[osis-core] delimeters for identifiers in an osisID

Todd Tillinghast osis-core@bibletechnologieswg.org
Fri, 16 Aug 2002 01:33:58 -0600


The heart of the problem is that we are not provided a containsToken
function where we can say */*[containsToken(@osisID="Matt.1.1")] and the
function would return ONLY elements with an osisID attribute that
contain the white space delimited TOKEN "Matt.1.1", that is ((the first
token OR preceded by a space) AND (the last token OR followed by a
space)) that EXACTLY matchs "Matt.1.1".  

Since we are only given a contains function we are left with a problem.
Harry's suggestion that we add extra spaces and/or rely on the ones that
are already present rather [ and ] is an intriguing one!  

I have done a little research related to using spaces rather than [ and
] to bound individual identifiers in an osisID.

I have created three test cases with related schema the only difference
between the schema being the pattern statement.  (To simplify the
pattern I have only allowed the numerals 1-9 in the normal structure.)

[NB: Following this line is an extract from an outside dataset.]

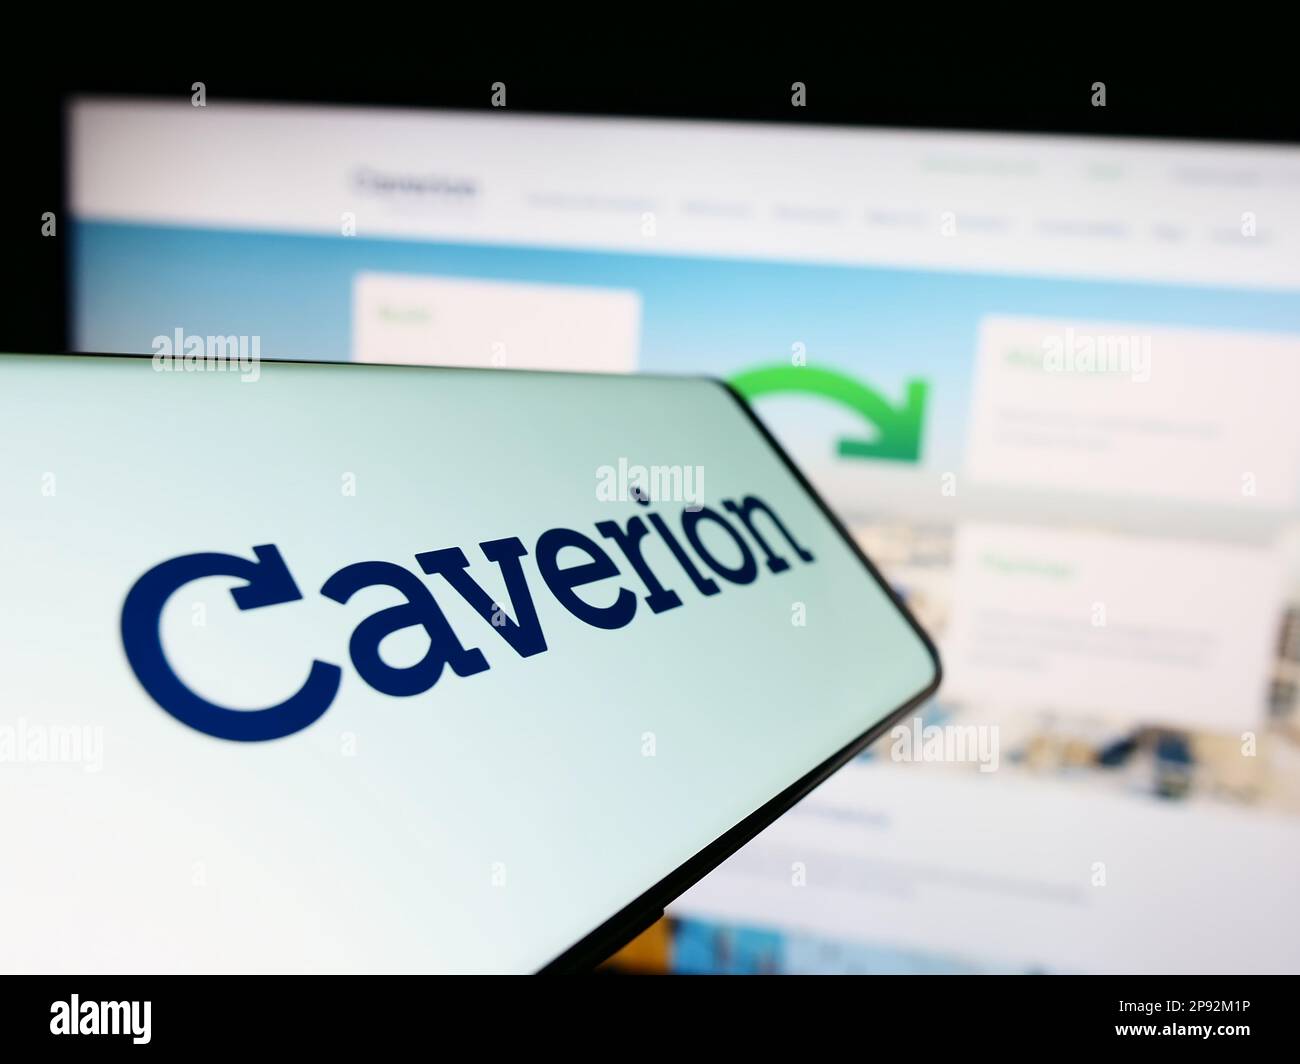 Smartphone avec logo de la société de technologie de bâtiment Caverion Oyj sur l'écran en face du site Web d'affaires. Concentrez-vous sur le centre de l'écran du téléphone. Banque D'Images

Test case 1 demonstrates that an "extra" space can be placed before the
first element and after the last element and still be valid when the
pattern of the "primitive" identifiers does not make any mention of such
spaces.  However, it also demonstrates that an encoder can just as
easily omit the NECESSARY space before the first identifier and after
the last identifier with not error.
<xs:pattern
value="((([1-9]){1,}((\.([1-9]){1,}){0,})?):)?([1-9]*((\.([1-9]){1,}){0,
})?)"/>

For this test case consider the results of the following:
//*[contains(@osisID, "1")]
//*[contains(@osisID, " 1 ")]
//*[contains(@osisID, " 1.1 ")]
//*[contains(@osisID, "1.1")]
//*[contains(@osisID, "1.2")]
//*[contains(@osisID, "1.3")]
//*[contains(@osisID, "1.4")]
//*[contains(@osisID, " 1.5 ")]
//*[contains(@osisID, " 1.6 ")]
//*[contains(@osisID, " 1.7 ")]
//*[contains(@osisID, "4.5")]
//*[contains(@osisID, " 4.5 ")]

Test case 2 demonstrates that if a space is added to the pattern for
"primitive" identifiers that NO MATTER WHAT you do when there is more
than one primitive identifier in an osisID, the whole pattern is not
valid.  This is because the valuator first parses the white space
between the individual tokens recognizing the three spaces between
individual identifiers as a SINGLE white space and then finding that the
individual identifier does not have a leading space and is thus invalid.
(Interestingly, I did not get the same problem when there was only a
single identifier.  I consider this a bug in XMLSpy.  In any case the
XMLSpy behavior is correct for the multiple case.)  
<xs:pattern
value="[\s]((([1-9]){1,}((\.([1-9]){1,}){0,})?):)?([1-9]*((\.([1-9]){1,}
){0,})?)[\s]"/>
(I know that \s is any white space but for the test it makes no
difference because I only used space in the test document file.)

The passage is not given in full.